In short, the average BN share price declined by exactly 25% ' the same percentage as the slice of the asset management business that was spun out. It suggests the market sees asset management as the entirety of the parent's business and attributes no value to any of its other invested capital.
By contrast, the 25% BAM spinout represented 7.5% of the parent's net invested capital by Brookfield's generous calculation. Using my own valuation, which subtracts all credit for uncollected carried interest and discounts the real estate portfolio to 80% of its dramatically reduced book value, the spinout represented 14.5% of the parent's invested capital. Both suggest the reduction in the parent's share price post-spinout is overdone.
The current BN share price makes sense relative to the pre-spinout share price only if one assigns zero value to everything else in the portfolio, including shares in BEP, BIP, BBU, BPG, other direct investments in hard assets, and the nascent insurance business. It's possible to produce widely different estimates of value for these holdings, but I don't know of any method that produces a value of zero.

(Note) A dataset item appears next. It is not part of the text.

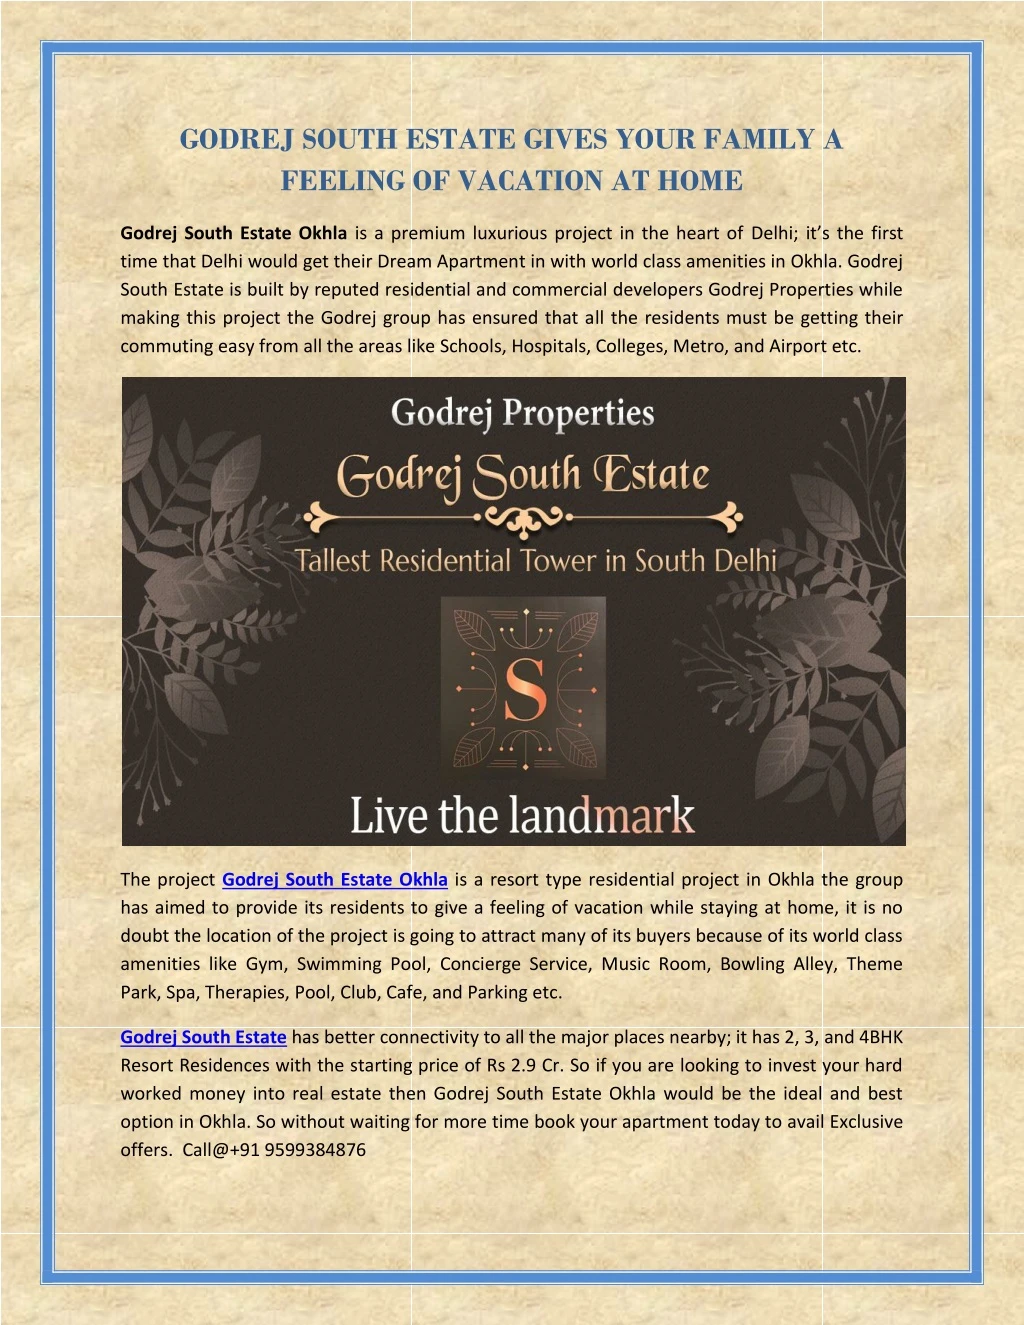 godrej south estate gives your family a feeling

Nor is the market internally consistent, although that's not exactly news. If asset management were the entire business, BN would be worth three times the 25% stake held by the public, or roughly $39 billion at current prices. But BN has a current market cap about $12 billion more than that. So other assets count toward total value but not toward the calculation by which 25% of the asset management franchise is subtracted. Seems like a remedial math problem.
Oddly, in the wake of this disconnect the company's language around prospective buybacks has grown less aggressive. In the Q4 2022 letter to shareholders, dated Feb. 9, it said:
"With a net asset value per share which we estimate to be vastly higher than our share price, we expect to continue to use our cash resources to
repurchase shares in the market. If the discount persists, we will also consider other options, including a tender offer."
In the Q1 2023 letter, dated May 11, it boiled it down to this:
"Given the current share price and our view of the intrinsic value of our business, we expect to continue to repurchase shares."
No. of Recommendations: 1
great update.
2 comments :
- seems to be a decent amount of cases where SoTP conglomerate discounts don't close faster than inflation. would be great to hear thoughts on why this may (finally) no longer be the case for Brookfield in the next decade.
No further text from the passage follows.